Or il y a eu en 2003 : 25 000 parents postulants titulaires d'un agrément, 8000 nouveaux
agréments1 dans l'année et seulement 5000 adoptions. Il faut se résoudre à une évidence,
parmi les titulaires d'un agrément, des parents candidats ne pourront pas adopter. Si
l'agrément est indispensable à l'adoption, il ne constitue en rien un droit à l'adoption d'un
enfant, l'adoption étant là, rappelons le, pour trouver une famille à un enfant et non pour
trouver un enfant à des parents.
ETHIQUE DE L'ADOPTION
Dans ces conditions, et avant tout projet d'adoption, il nous parait indispensable de donner
des informations aux parents pour leur permettre de construire consciemment leur projet.

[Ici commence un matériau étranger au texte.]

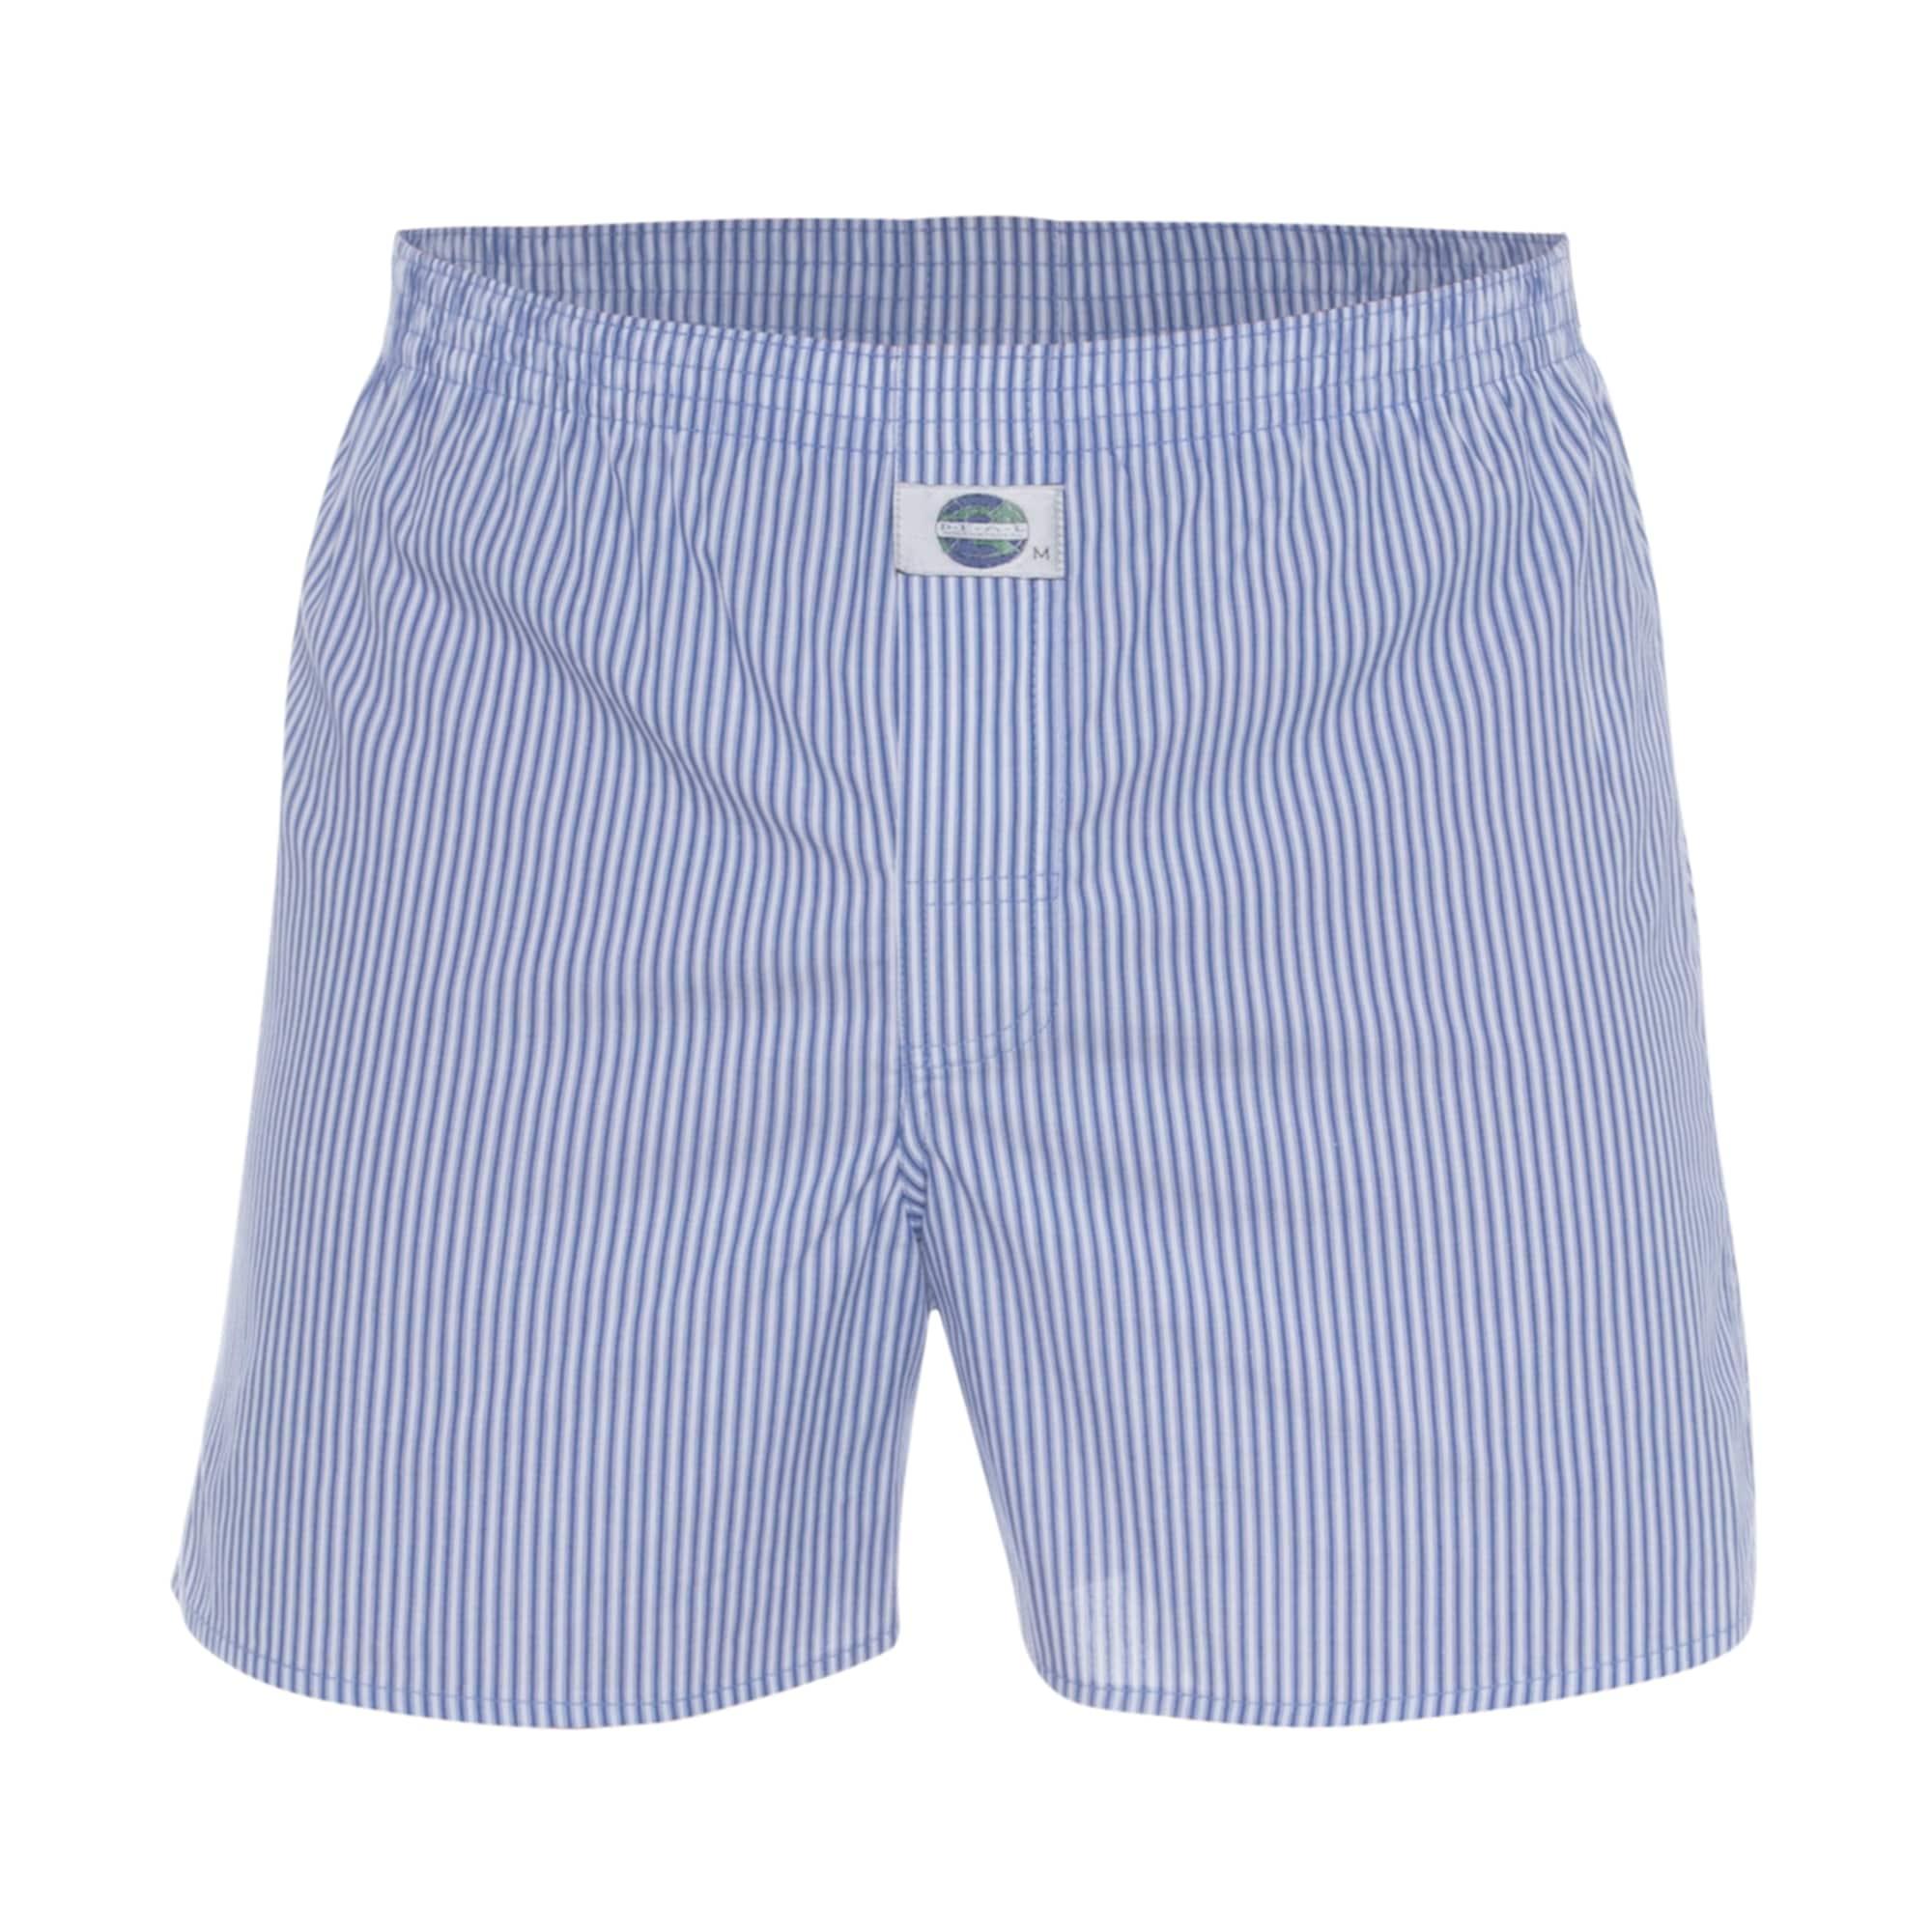 Boxerky Stripe modrá bílá D.E.A.L International

Un premier conseil est de les inciter avant tout à d’adresser aux OAA et à se tenir à l'écart de
certains intermédiaires douteux et financièrement intéressés. De telles adoptions en effet
sont à l'origine de trafics portant sur des enfants volés ou conçus pour être adoptés, avec à la
clé tromperie sur les parents de naissance et bien des incertitudes sur le caractère définitif de
l'adoption. Il faut s'interdire notamment les adoptions négociées avant l'accouchement. Les
adoptions dans les pays en guerre ou sans état civil sont à très haut risque de dérives
mafieuses. Toutes les démarches individuelles ne sont bien sûr pas malhonnêtes, mais le
risque y est probablement plus important que dans les adoptions par l'intermédiaire d'un
OAA. Il conviendra également de privilégier les pays ayant signé et ratifié la convention de La
Haye, dont nous rappelons qu’elle recommande de n'autoriser l'adoption internationale que si
l'adoption dans le pays d'origine n'est pas possible, et qu’elle impose aussi aux parents
adoptants de se rendre dans le pays d'origine.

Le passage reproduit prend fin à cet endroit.